Consequently, it is best to check that the python library you plan to use supports the version of CUDA you have installed for your operating system and architecture. On my Windows 11 machine, I have CUDA 11.8 installed, which you can find here. After the installer exits, you may need to restart your computer for the installation to be complete. You can check that cuda is correctly installed with the following command: nvcc --version

PyTorch

I have found that PyTorch has the best support for Python on Windows. This webpage provides all the information you need to install it in your venv. If you are using same software stack as me (Windows, CUDA 11.8, PIP), you can install it using this command:

pip3 install torch --index-url https://download.pytorch.org/whl/cu118

If you visited the webpage I provided, you will notice that the command they provide also contains torchvision and torchaudio. These are extensions to PyTorch that provide datasets, transforms, and models (e.g. MNIST, cropping, ResNet) that are commonly used in these domains. You don't need them to get started, and can always install them later.
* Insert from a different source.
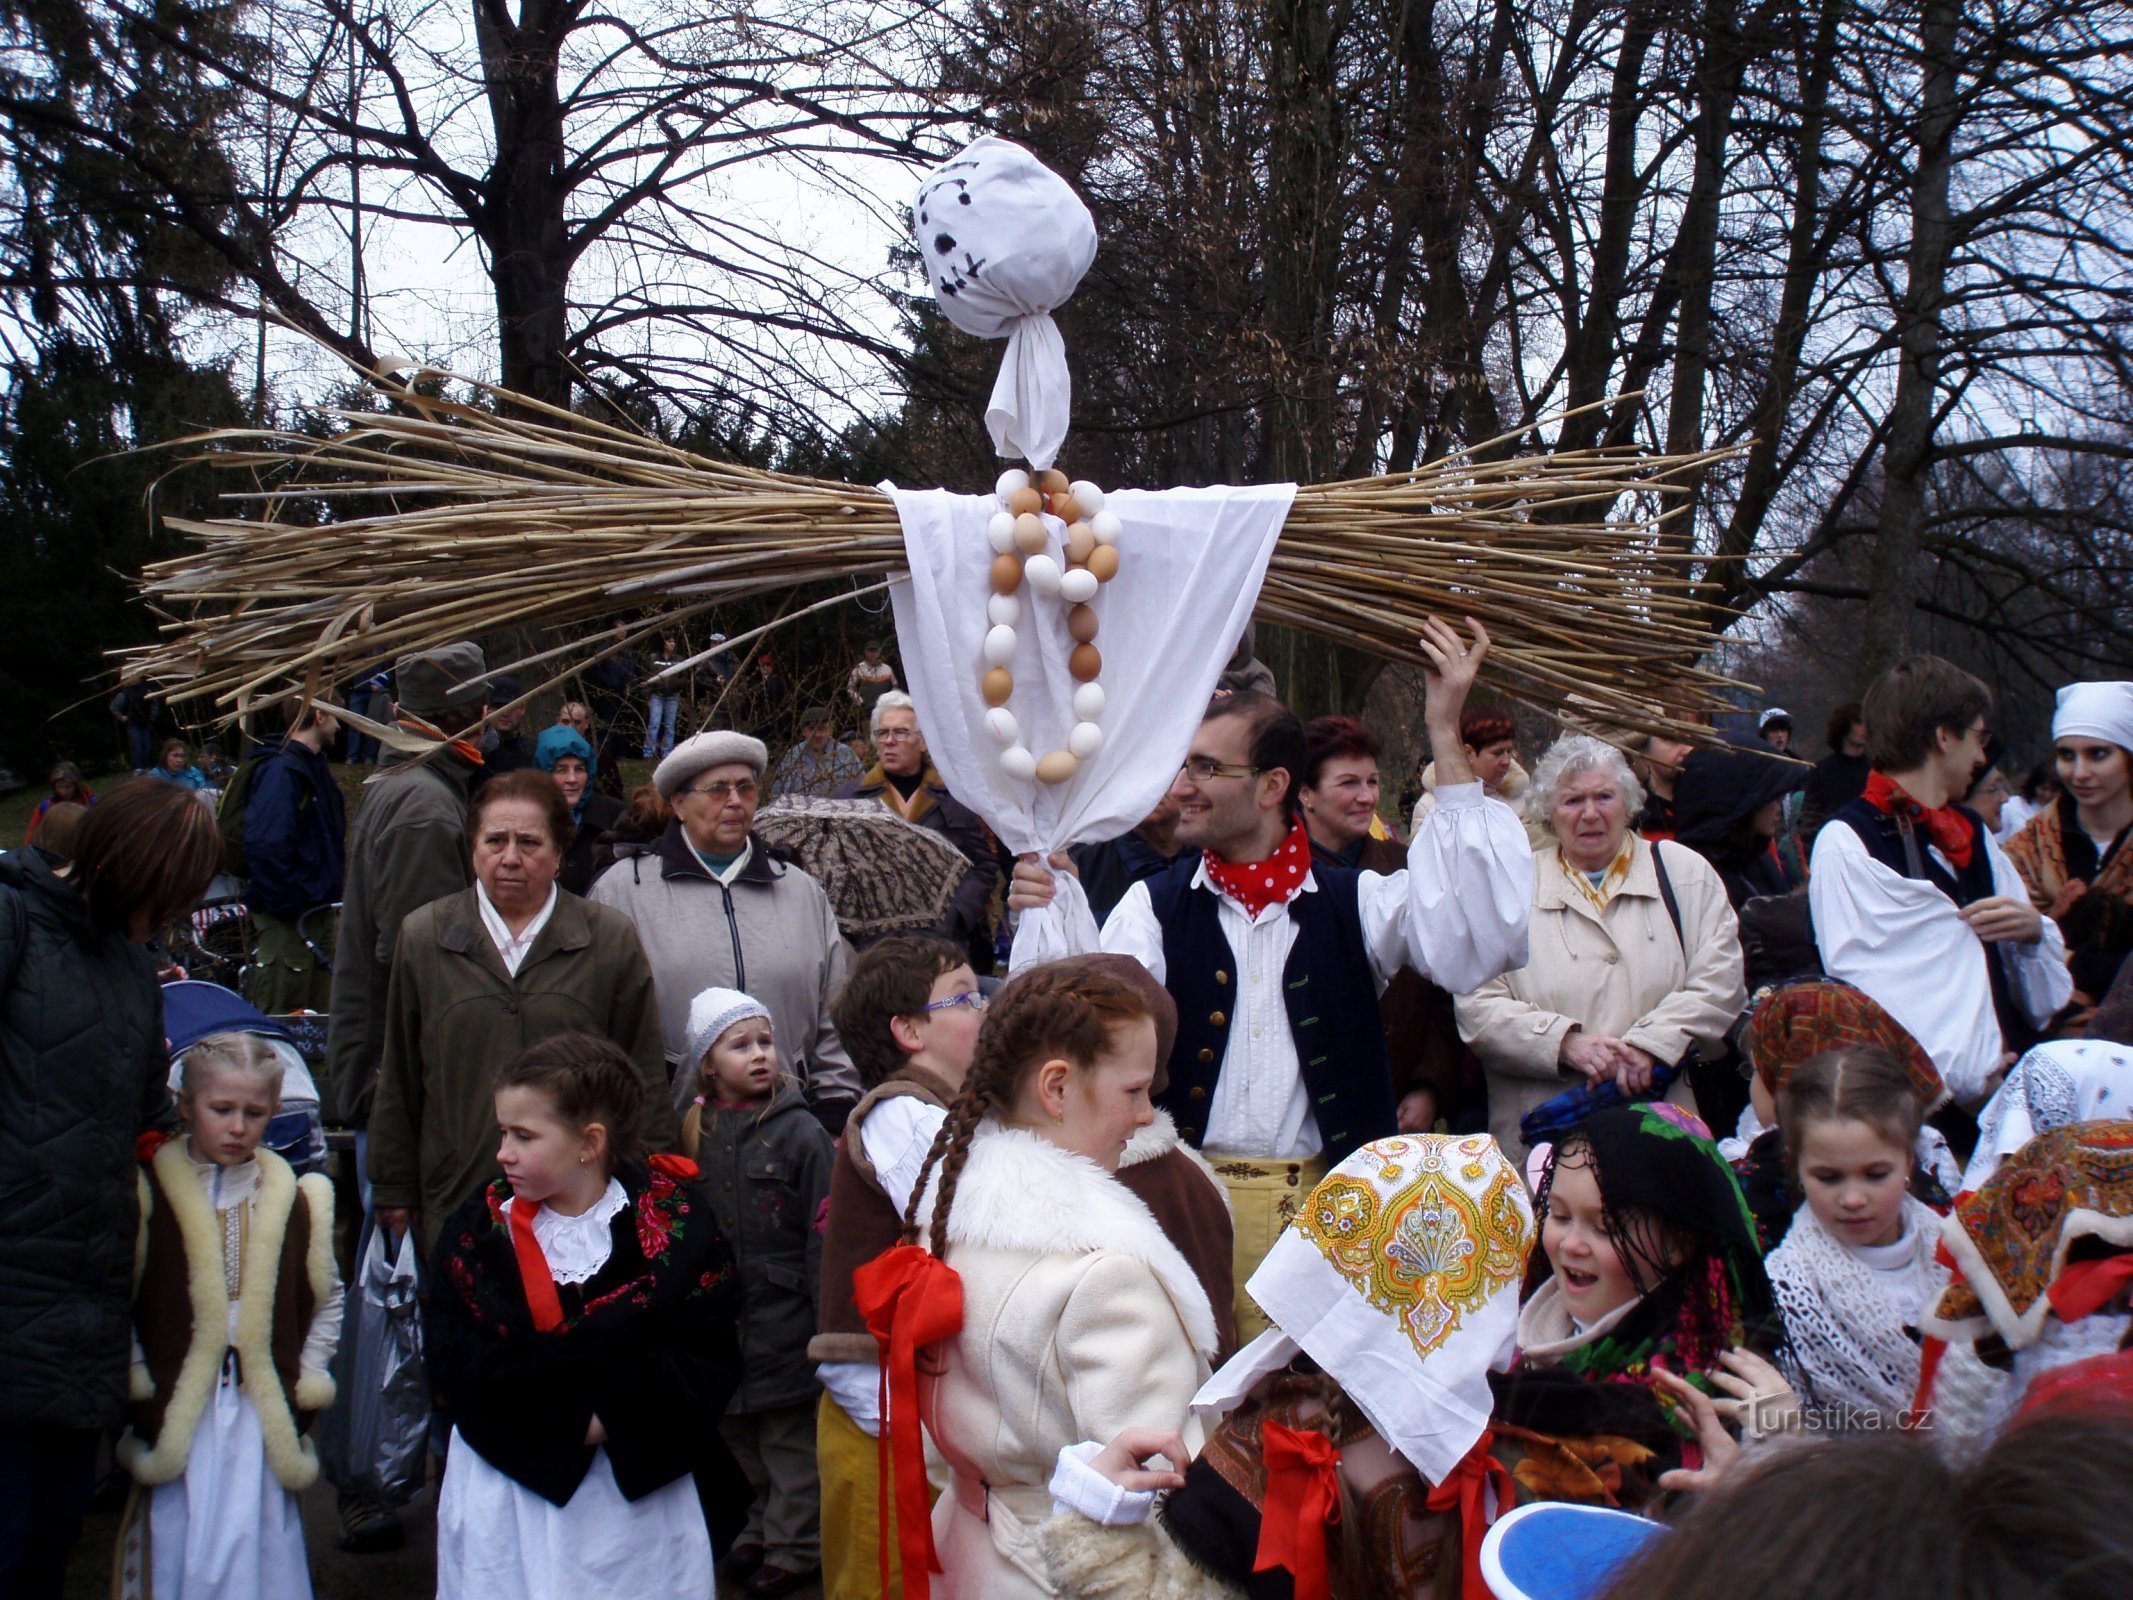 Smrtholkan suorittaminen Hradec Královésta (Hradec Králové, 29.3.2009)
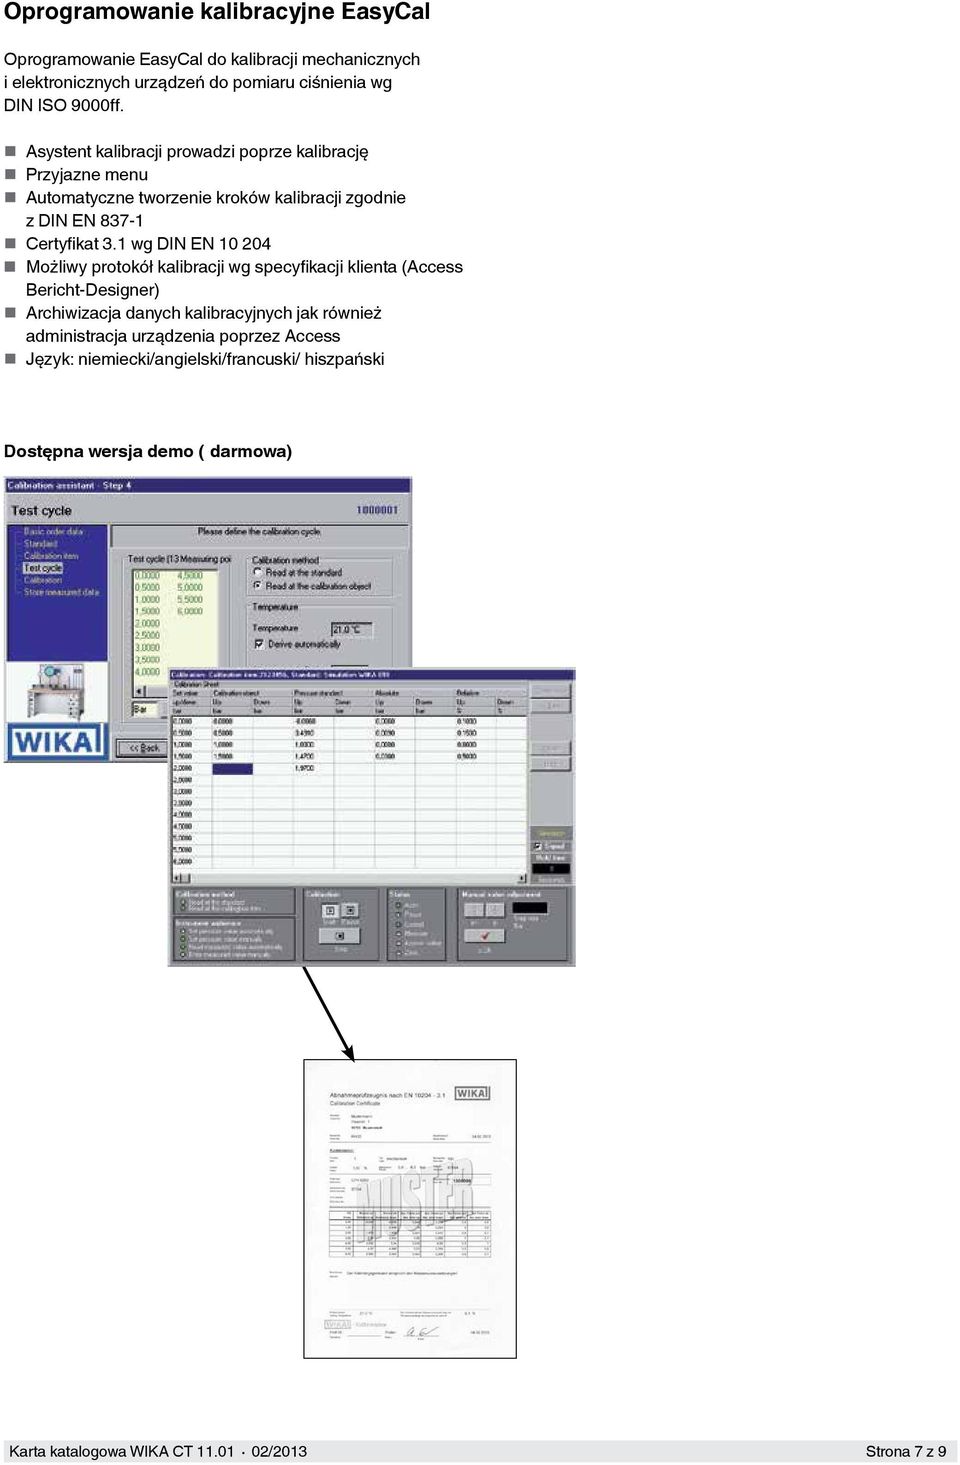 Asystent kalibracji prowadzi poprze kalibrację Przyjazne menu Automatyczne tworzenie kroków kalibracji zgodnie z DIN EN 837-1 Certyfikat 3.

You can test your PyTorch installation and see which GPUs are detected using:

1 import torch
2 
3 print('Import Successful!')
4 if torch.cuda.is_available():
5     x = torch.cuda.device_count()
6     for i in range(x):
7         print(f'GPU {i}: {torch.cuda.get_device_name(i)}')
8 else:
9     print('No GPUs Detected')

Tensorflow

Unfortunately, I have found that Tensorflow has more compatability issues than PyTorch. On the installation homepage, you will find that Tensorflow only works with Python Versions 3.8-3.11, and has no GPU support on macOS. Tensorflow works best in the Linux ecosystem, but unless you have a dedicated machine for software development, you are likely running Windows or macOS on your personal machine.

Since version 2, Tensorflow simply does not work on Windows. You can circumvent this by using the Windows Subsystem for Linux (WSL2), but that comes with its own set of headaches and compatability issues.

For this reason, PyTorch is often preferred in research environments for its ease of use. Tensorflow has a slight edge in large-scale production projects, and is often used in industry. Since this blog mainly concerns R&D, I will be using PyTorch in all of my projects.

Beyond PyTorch

I would be remiss if I didn't mention a few of the other "big players" in Python's machine learning ecosystem. You will likely encounter the following libraries sometime along the road, and I will talk about some of them in the following section:

XGBoost: Library for decision trees, ensemble learning, and gradient boosting
Scikit-Learn: Wide range of data science tools, including clustering, regression, dimensionality reduction, and model selection.
Hugging Face Transformers: Makes a huge-selection of transfer models easily accessible. Part of the Hugging Face ecosystem
OpenCV: Computer vision library with a rich feature set, including many classical operations and techniques that underlie modern CNNs and vision transformers
ONNX: A universal runtime for neural networks. Trained models can be exported to ONNX format and easily run on many platforms (desktop, web, mobile, microcontroller, etc.)
Ray: A suite of libraries for optimization, scaling, and distributed computation. Includes RlLib, a library for training neural networks using reinforcement learning.

Other Data Science Libraries

If you are brand-new to Python, you may want to familiarize yourself with these additional libraries. They are considered Python staples and are widely used across application domains. When working with Python's machine learning ecosystem, you will likely encounter references to these libraries or may even need to use them yourself:

NumPy: Essential for any application regarding vectorization and array computation.
Pandas: Dataframes in Python. Easily load, manipulate, and transform tabular data.
Matplotlib: Fundamental visualization library. Commonly used to create plots and other data visualizations.